I don’t buy the excuse that jargon speeds things up. It might inside a tight team. But the moment you bring in finance, product, sales, or a client’s leadership, the speed turns to friction. People stop asking questions because they don’t want to look lost. That’s not speed. That’s silence.
Why This Matters For Real Outcomes
Marketing only works when everyone understands the goal and the trade-offs. Confusion creates waste. It leads to budgets that mirror old habits instead of new facts. It also invites bad accountability. If teams can hide behind letters, they can dodge results.
Clear terms build trust. They help leaders compare plans. They help teams learn faster. And they lower the chance that a trend gets adopted just because it sounds clever.
The Case For Translation—and Restraint
Resources that explain terms have real value. They give newcomers a fair start and help veterans keep current. But we shouldn’t stop at translation. The better move is to rewrite our decks, emails, and pitches in plain words first. If a term must be used, define it once and keep moving.

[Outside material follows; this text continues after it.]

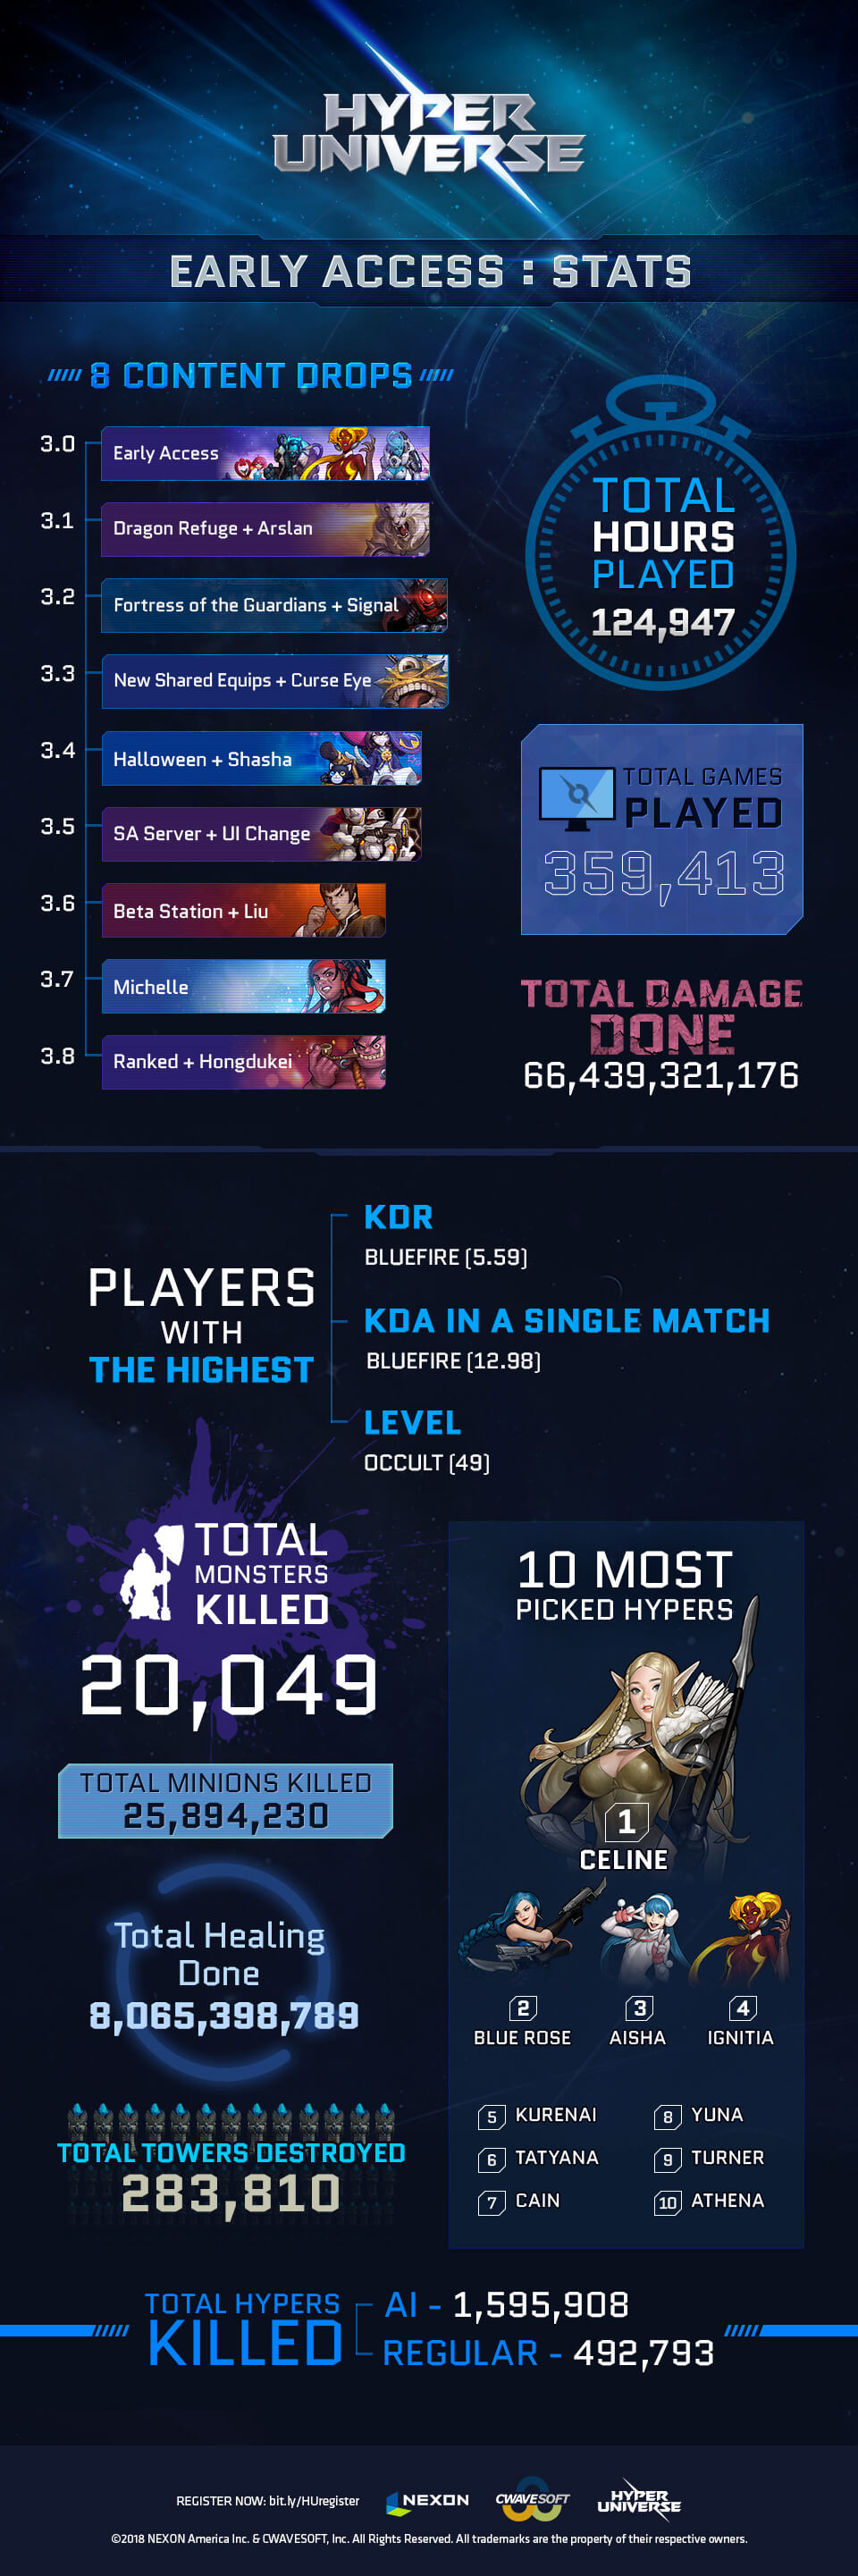 Hyper_Universe_Infographic

- AOR: Say “lead agency” or “main agency partner.”
- MMM: Say “model to estimate which channels drive results.”
- Zero-click search: Say “answers shown on the search page without a site visit.”

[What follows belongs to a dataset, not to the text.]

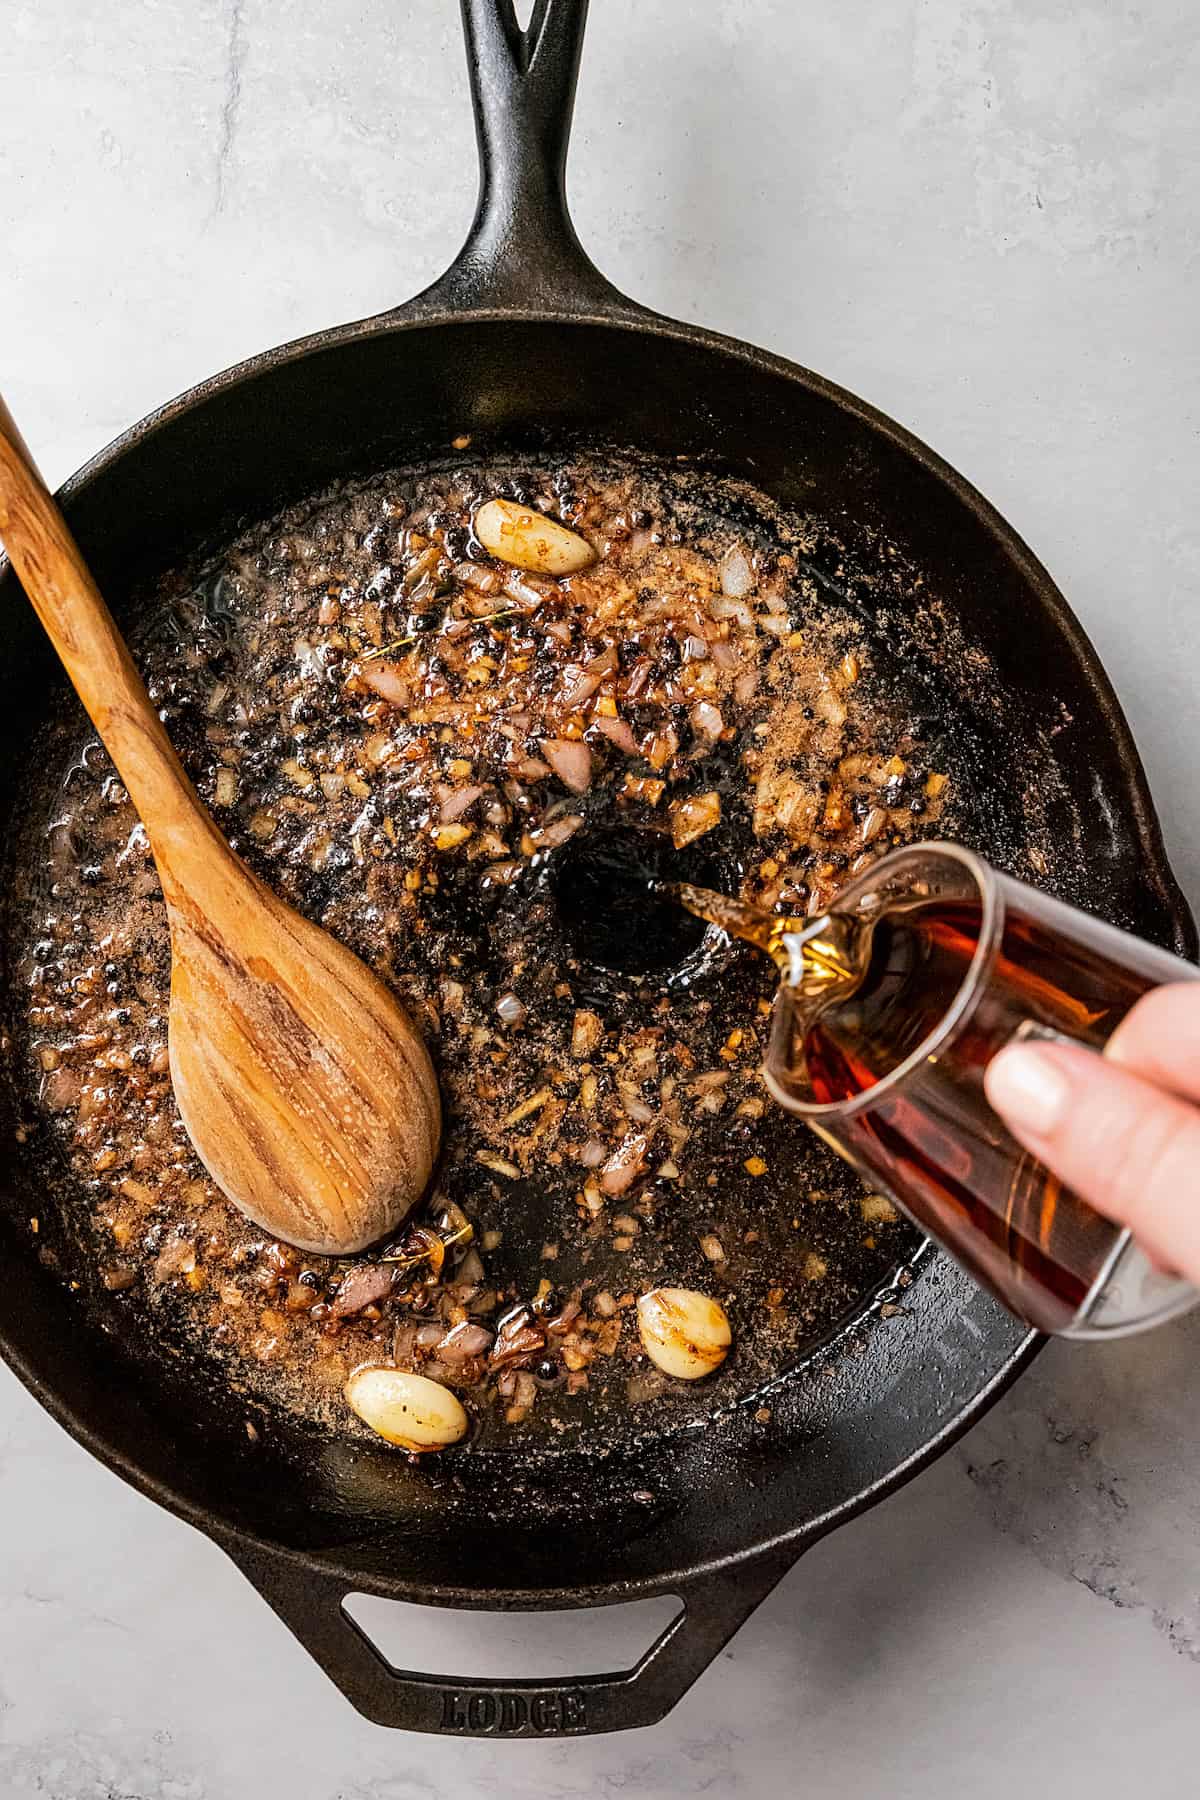 Red wine being poured into a skillet to deglaze.

Notice what happens. The fog lifts. The debate shifts to impact, cost, and risk—the things that actually matter.
But Isn’t Shorthand Efficient?
Some will argue that specialist work needs specialist terms. Fair. A data scientist should be precise when tuning a model. A legal team must be exact. Yet precision and clarity are not enemies. Use the exact term once, define it, then keep the rest in everyday language. The goal is shared understanding, not gatekeeping.
What I Want Marketers To Do
Stop treating acronyms as a badge of expertise. Real expertise makes complex things easy to grasp. That’s how you win trust and budgets. It’s also how you build teams that learn and improve.
- Ban unexplained acronyms in client-facing work.
- Add a one-line definition the first time a term appears.
- Rewrite slide titles as clear statements, not labels.
- Ask “Could a smart outsider get this in 10 seconds?” If not, simplify.
- Keep a living glossary for internal training, then try to use it less over time.
The Bottom Line
We don’t need more mystique. We need more meaning. Tools that decode terms help, and I’m glad they exist. But the real fix is cultural. Plain language should be the default. Acronyms are fine when they save time—after everyone knows what they mean.
If you lead a team, set the rule now. If you write decks, translate your slides today. If you’re learning the field, keep a cheat sheet, then challenge your peers to speak clearly. Marketing moves fastest when everyone can follow the plan. Stop the alphabet soup. Start making sense.